Jabłecki Jerzy, Kaczmarzyk Leszek, Domanasiewicz Adam, Chełmoński Adam, Kaczmarzyk Janusz, Paruzel Maciej
General Surgery Department, Limb Replantation Ward, St Hedwig of Silesia Hospital, Trzebnica.
Ortop Traumatol Rehabil. 2010 Jan-Feb;12(1):90-9.
Hand transplant still remains a partly experimental procedure because of the small number of patients and short follow-up (not longer than 10 years). Most hand transplantations have been performed at the distal forearm level.
The transplant recipient was a 29-year-old man who had lost his dominant right hand 3 years before in a milling machine accident; the donor was a 52-year-old woman. The procurement and transport of the limb were performed according to standard procedures. Preparation of the donor limb and the patient's stump was performed simultaneously by two surgical teams. Anastomoses were done in the following order : bones-tendons-nerves-veins-artery. The radial artery and 3 large veins were anastomosed. The operative wound was closed without a skin graft. Ischemia time was 9 hours. Pharmacological treatment was similar to that usually administered to replantation patients; immunotherapy consisted of Simulect, Prograf, Cell-Cept, and steroids. Physiotherapy was started on the second postoperative day; it consisted of early protective active motion (EPM), continuous passive motion (CPM), splinting, and sensory stimulation. The function of internal organs was monitored; the early outcome was evaluated at 6 months after the transplantation.
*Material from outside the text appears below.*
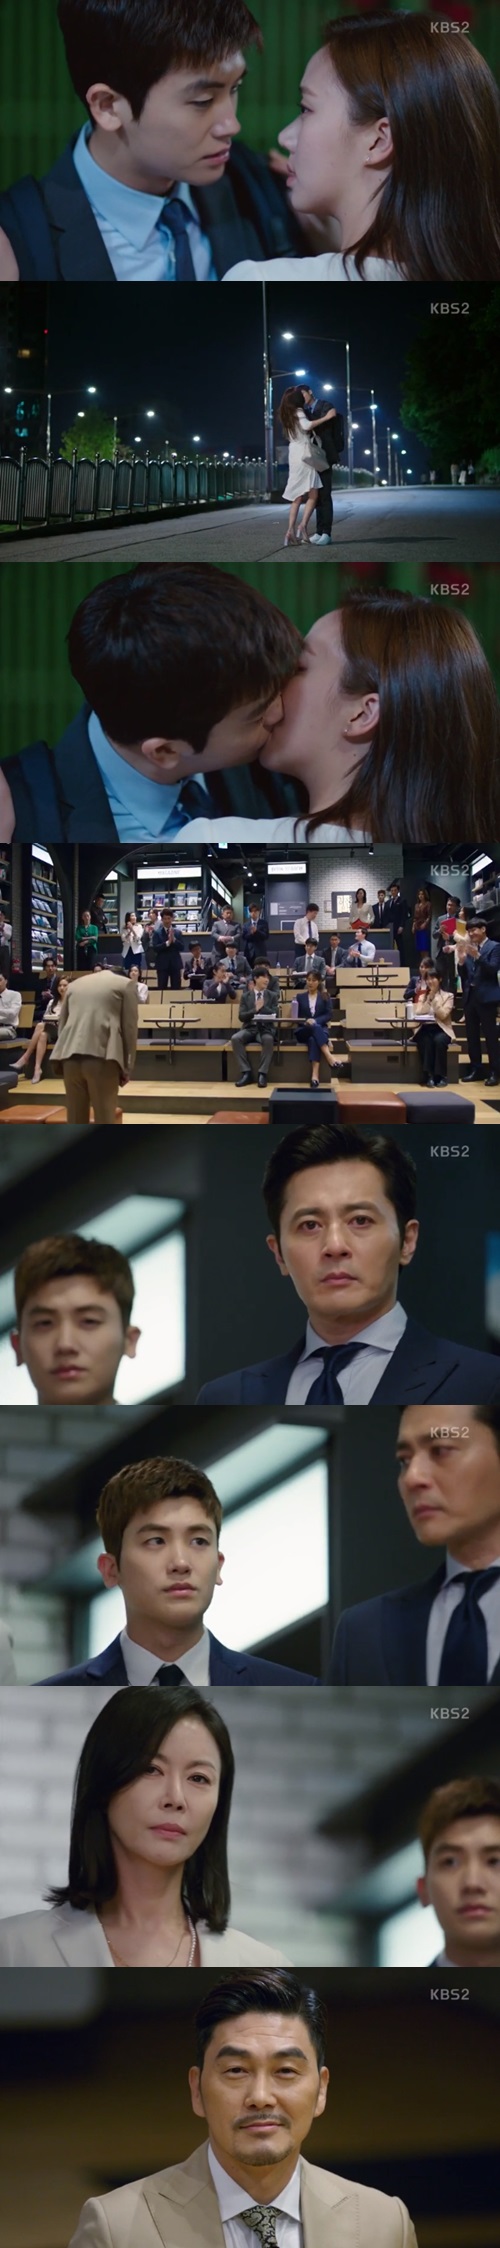 Park Hyung-sik and Ko Sung-hee kissed, and Kim Yeong-hos Come back boosted tension.In the 11th KBS 2TV drama Suits (played by Kim Jung-min/directed by Kim Jin-woo), which aired on May 30, Ham Yeong-ho backed the Come.Kang Ha-yeon (Jin Hee-kyung) was nervous about the news that Hams wife was dead, guessing Hams Come back.The past history that was revealed with him was that Ham was threatening to kill Kang Hae-yeon with a weapon.Kang Ha-yeon and Miniforce Seok (Jang Dong-gun) then visited the funeral home of Ham Dae-pyos wife and revealed the past history left by the conversation between the two.Kang Hae-yeon tried to push the fleet vote because of embezzlement fraud, but Ham did not budge.However, after Kang Hae-yeon told his wife that he would inform his wife of the affair, he was angry to kill Kang Hae-yeon.Since then, Ham has left the law firm, but his weakness has disappeared due to his wifes death.Miniforce Seok proposed to Kang Ha-yeon to hire Kim Moon-hee (Son Young-eun) as a condition to prevent Hams Come back.Miniforce went to the fleet table and told Blackmail – Cinémix Par Chloé – to expose his daughter to an affair instead of his wife, and hired Kim Moon-hee.Kim Moon-hee was hired by Miniforce Seok Asso Ko Yeon-woo (Park Hyung-sik) for the weakness of being a fake lawyer.Kim Moon-hee asked Miniforce for the reason for hiring Ko Yeon-woo, but Miniforce did not answer, and instead he caught Kim Moon-hees brothers assault and blocked Kim Moon-hees mouth.In the meantime, Ko Yeon-woo filed a copyright lawsuit claiming that the best-selling novel was plagiarized.Ko Yeon-woo was a representative of the publisher, but soon found out that the publisher Hong Dae-pyo intercepted the synopsis idea of ​​aspiring writer Lee Jung-yeon.There was no problem with the contract, but if the word comes out, it is bad for the strongness that is in the process of merger and acquisition of the publisher.Ko Yeon-woo persuaded Hong to pay Lee Jung-yeon a 50 million won settlement, but Lee Jung-yeon refused.Lee Jung-yeon was angry that the lawyer doesnt know what Ive been taken away, and Ko Yeon-woo found out that Lee Jung-yeon not only lost his idea to Hong, but was raped with the help of Kim Ji-na (Ko Sung-hee).Ko Yeon-woo made Lee Jung-yeon proceed with the rape case through another lawyer, and Kim Ji-na was promoted as his agent, so that Hong Dae-pyo not only paid 50 million won in settlement but also raised Lee Jung-yeons name in the original bill.Lee Jung-yeon embraced Kim Ji-na and said, Thank you lawyer, I am a wonderful lawyer in the world. Kim Ji-na, who did not become a lawyer because of the test depression, got courage.Yoo Gyeong-sang

The function of internal organs remained undisturbed, no rejection episodes were observed. Bony union was achieved after 11 weeks and progressed steadily, as did the range of motion and reinnervation. On the day of the preliminary assessment, the active range of motion was 200 degrees , 2PD exceeded 15 mm, and electromyography demonstrated temperature sensation and hypothenar muscle function. Functional assessment according to the DASH questionnaire was rated at 67 points, and a quality of life evaluation with the SF-36 questionnaire produced a score of 110 points.
The distal third of the forearm is a replantation zone promoting early functional recovery.
由于患者数量较少且随访时间较短(不超过10年),手部移植仍然部分属于实验性手术。大多数手部移植手术是在远端前臂水平进行的。
移植受者是一名29岁男性,3年前在一次铣床事故中失去了优势右手;供者是一名52岁女性。肢体的获取和运输按照标准程序进行。两个手术团队同时对供者肢体和患者残端进行准备。吻合按以下顺序进行:骨骼-肌腱-神经-静脉-动脉。吻合了桡动脉和3条大静脉。手术伤口未植皮直接缝合。缺血时间为9小时。药物治疗与通常用于再植患者的治疗相似;免疫治疗包括舒莱、普乐可复、骁悉和类固醇。术后第二天开始物理治疗;包括早期保护性主动运动(EPM)、持续被动运动(CPM)、夹板固定和感觉刺激。监测内脏功能;在移植后6个月评估早期结果。
内脏功能未受影响,未观察到排斥反应。11周后实现了骨愈合,且愈合情况稳步进展,活动范围和神经再支配情况也是如此。在初步评估当天,主动活动范围为200度,两点辨别觉超过15毫米,肌电图显示有温度觉和小鱼际肌功能。根据DASH问卷进行的功能评估得分为67分,使用SF-36问卷进行的生活质量评估得分为110分。
前臂远端三分之一是促进早期功能恢复的再植区域。